Это произошло в конце самого первого триместра его пребывания в колледже, он тогда был в шестом. Его чувствительную натуру еще больно язвили хлещущие удары мерзостной и неосмысленной жизни. Душа пребывала еще в смятении, унылый феномен Дублина ее угнетал. После двух лет, прожитых в мире мечтаний, он очутился в совсем новой обстановке, где каждое событие, каждое лицо живо задевали его, обескураживая или маня, и всегда, будь то маня или обескураживая, они наполняли его тревогой и горечью. Все время, свободное от школьных дел, он проводил в обществе авторов, подрывающих основы; их речи, резкие и язвительные, бросали свои семена в его мозгу, и семена эти прорастали в его незрелых писаниях.

Сочинение составляло для него главный труд всей недели, и каждый вторник он всю дорогу из дома в колледж занимался гаданием: намечая фигуру прохожего впереди, загадывал, обгонит ли он его прежде определенной точки, или ставил себе условие не наступать на границы плит тротуара – а гадал он о том, получит ли он на этой неделе первое место по сочинениям.

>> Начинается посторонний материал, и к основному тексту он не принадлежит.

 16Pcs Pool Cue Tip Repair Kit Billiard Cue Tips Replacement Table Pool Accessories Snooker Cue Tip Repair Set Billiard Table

Однако в один из вторников серия его побед резко была оборвана. Мистер Тэйт, учитель английского, показал пальцем на него и сказал, будто отрубил:

– У этого ученика в сочинении ересь.

Класс затих сразу. Мистер Тэйт не нарушал тишины и только рукой копался между колен, а его туго накрахмаленные манжеты и воротничок слегка поскрипывали. Стивен не поднимал глаз. Стояло зябкое весеннее утро, глаза у него были слабые и болели. Он сознавал, что он провалился и уличен, что разум его убог, а дом нищий, и шею ему колол острый край поношенного и перевернутого воротничка.

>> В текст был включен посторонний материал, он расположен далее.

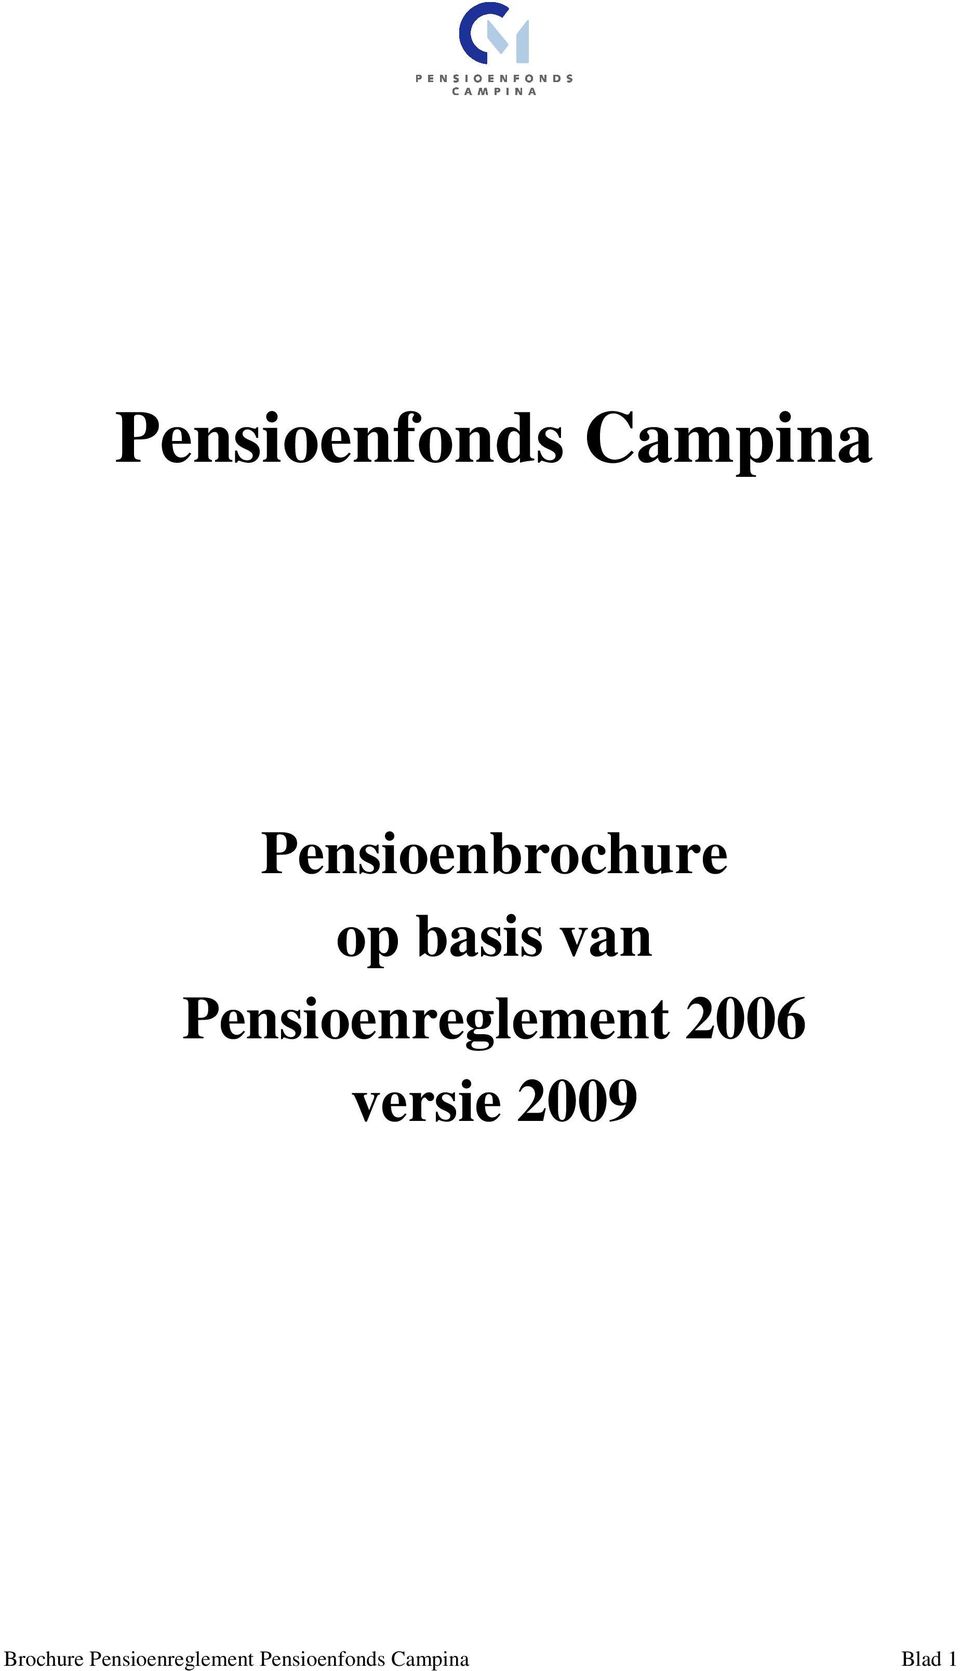 Pensioenreglement 2006 versie 2009

Короткий звучный смешок мистера Тэйта снял в классе напряжение.

– Возможно, вы сами этого не знали, – сказал он.

– А где ересь? – спросил Стивен.

Мистер Тэйт оторвал руку от раскопок и развернул его сочинение.

– Вот. Речь идет о Создателе и душе. Так… мм… мм… Ага! «Без возможности когда-либо приблизиться». Это ересь.

Стивен пробормотал:

– Я хотел сказать, «без возможности когда-либо достигнуть».

Этим он проявлял покорность, и мистер Тэйт, умиротворенный, закрыл сочинение и передал ему со словами:

– А… Вот как! «…когда-либо достигнуть»… Это другое дело.

Но класс было не так легко умиротворить. Хотя после занятия никто с ним не говорил о происшедшем, он чувствовал вокруг смутное, но всеобщее злорадство.

Через несколько дней после этого публичного выговора, идя вечером по Драмкондра-роуд с письмом в руке, он услышал за собой окрик:

– Стой!

Обернувшись, он увидал, как в сумерках к нему приближаются трое из его одноклассников. Окрик исходил от Цапленда, который шагал между двумя спутниками, размахивая в такт шагам тонкой тростью. Боланд, его приятель, шагал рядом с ним, широко ухмыляясь, а Нэш, немного отставший и запыхавшийся от скорости, отдувался и мотал большой рыжей головой.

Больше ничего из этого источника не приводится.